When users started to make these questions and even set up, with free software, similar systems for their own communities, del.icio.us saw that it had a chance to step in. Its system could also be employed by users, in an improved way, to share news among themselves. In fact, many users were already doing so. By using the RSS feed generated by del.icio.us for every result page, users were dynamically publishing on their blogs the favourites they were earmarking as they read other blogs and news every day.


No doubt few people would add to their blog the world total resulting from aggregating the favourites of all del.icio.us users; but they certainly consult the system to see what other things are being earmarked by their friends, colleagues, and acquaintances – by the people in their network with whom they share common interests, or whose tastes they are at least curious about.

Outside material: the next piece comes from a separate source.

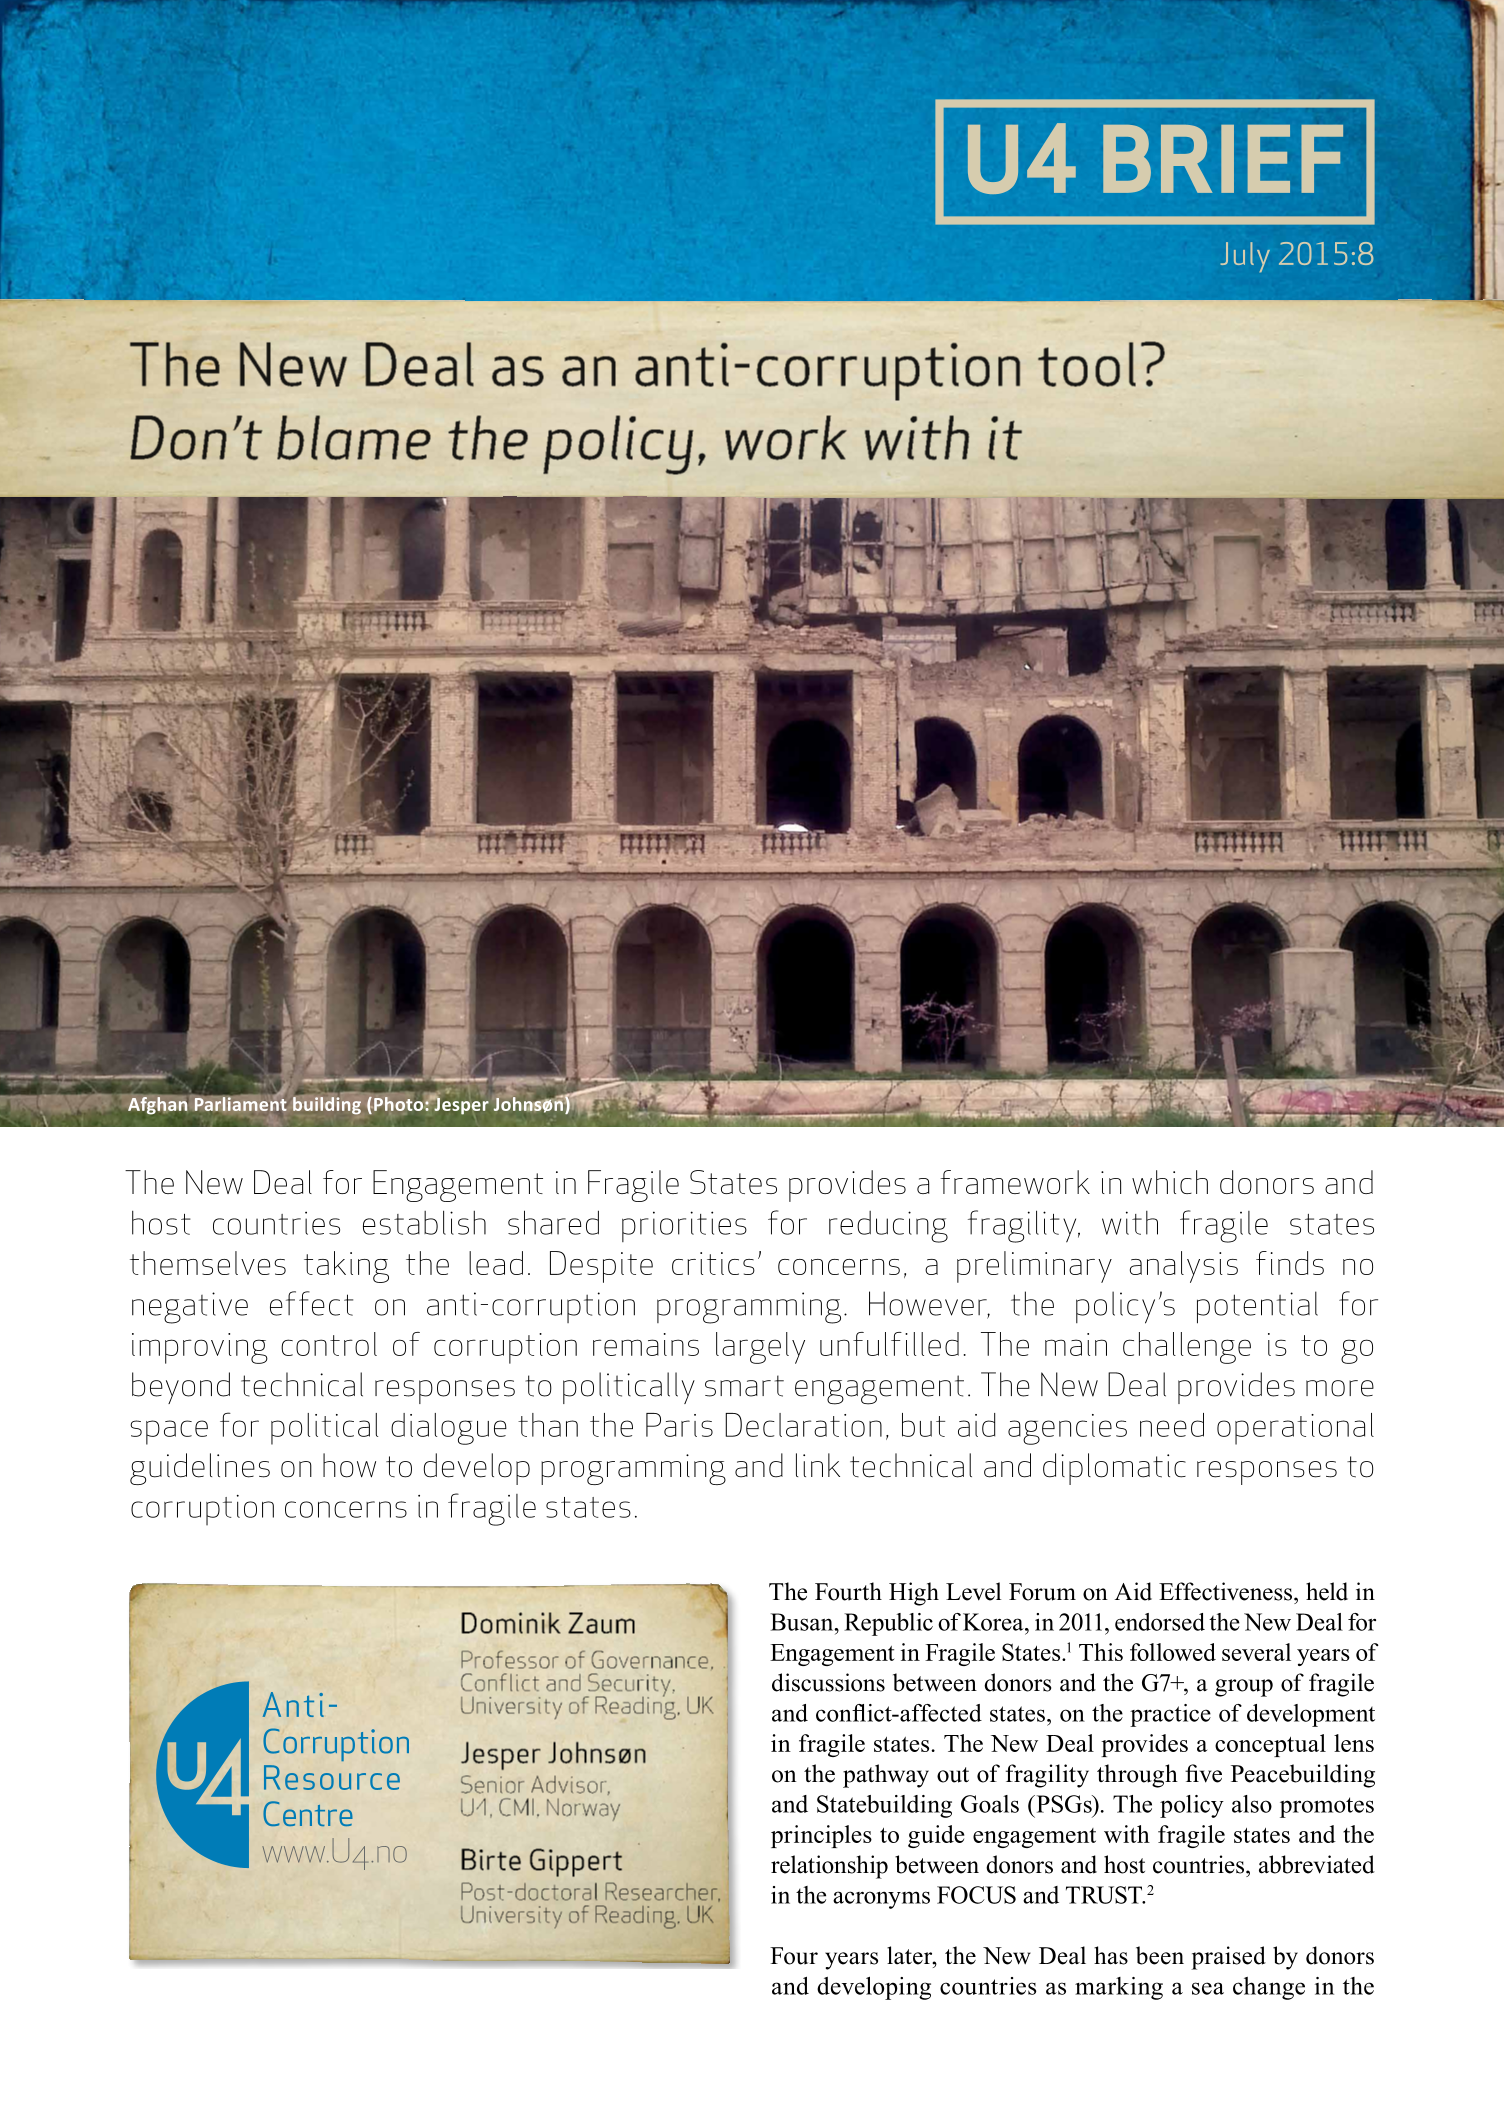 The New Deal as an anti-corruption tool? Don’t blame the policy, work with it

And so del.icio.us launched del.icio.us network, a way of earmarking other users as a part of your network, and of picking from their accounts, in live time, the links they earmark as they browse the web. Of course, the fact that someone earmarks you as a part of their own network doesn't mean that they will be included in your own network until you aggregate them. In that way, every user can obtain a different aggregation based on other users' choices. Thus, del.icio.us, while centralising its system, distributes and generate as many different aggregations as would be produced by a distributed network, and generates, de facto, a distributed information network.


reddit was the first aggregator to see the coming threat: it was better to be a mumi, and give everyone whatever they wished, than be displaced by an outburst of community news exchange systems. Thus reddit friends was born, a version of the service in which each user can say which votes he or she wants to aggregate and whose proposals should be voted for. Unlike the original system, there is no longer a single collective result which everyone has cast a vote for. There are as many different results as there are users, interests, and tastes – just in the same way as if the system of great vote-centralising nodes had been replaced by a huge distributed network. Mumis were one of the first innovations that the Internet experience brought to information economics.”